Heat loss through the underground part of the external walls and the floors of the heated basement is also calculated in zones 2 m wide, counting them from ground level (see Fig. 3.2). Then the floors (when counting zones) are considered as a continuation of the underground part of the external walls. Heat transfer resistance is determined in the same way as for uninsulated or insulated floors.
Additional heat loss through fences. In (3.2) the term (1+∑β) takes into account additional heat losses as a fraction of the main heat losses:
1. On orientation in relation to the cardinal points. β external vertical and inclined (vertical projection) walls, windows and doors.
Rice. 3.3. Addition to the main heat loss depending on the orientation of the fences in relation to the cardinal points
2. For ventilation of rooms with two or more external walls.

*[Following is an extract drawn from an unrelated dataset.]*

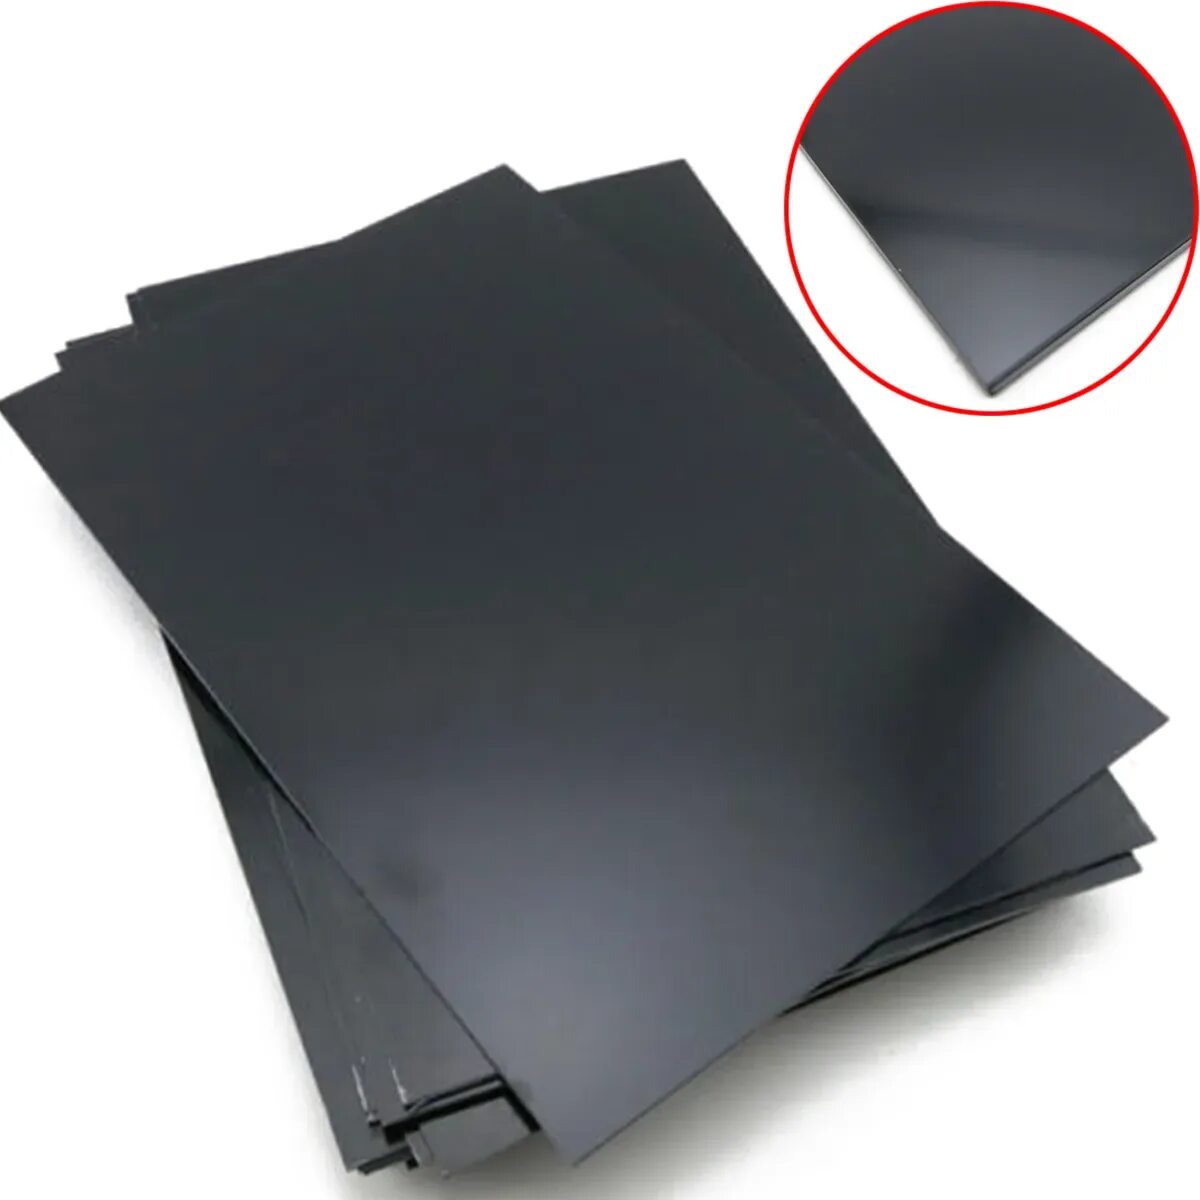 Пластик толщиной 1 мм. АБС пластик чёрный 1мм 5 мм. Пластик АВС черный листовой 2мм. Листовой пластик черный 4x1500x3000 АБС. АБС пластик 0.5 мм листовой.

IN standard projects through walls, doors and windows facing all countries of the world β = 0.08 with one external wall and 0.13 for corner rooms and in all residential premises.
3. At the design temperature of the outside air. For unheated floors of the first floor above the cold undergrounds of buildings in areas with t n B minus 40°C and below - β = 0,05.
4. To heat the rushing cold air. For external doors, without air or air-thermal curtains, at building height N, m:
- β = 0,2N- for triple doors with two vestibules between them;
- β = 0,27 N - For double doors with a vestibule between them;
- β = 0,34 N - for double doors without vestibule;
- β = 0,22 N - for single doors.
For external non-equipped gates β =3 without vestibule and β = 1 - with a vestibule at the gate. For summer and emergency external doors and gates β = 0.
Heat losses through the building envelopes are entered in the form (Table 3.2).
Table 3.2. Form (form) for calculating heat loss
The area of the walls in the calculation is measured with the area of the windows, thus the area of the windows is taken into account twice, therefore in column 10 the coefficient k windows is taken as the difference between its values for windows and walls.
Heat loss calculations are carried out by room, floor, building.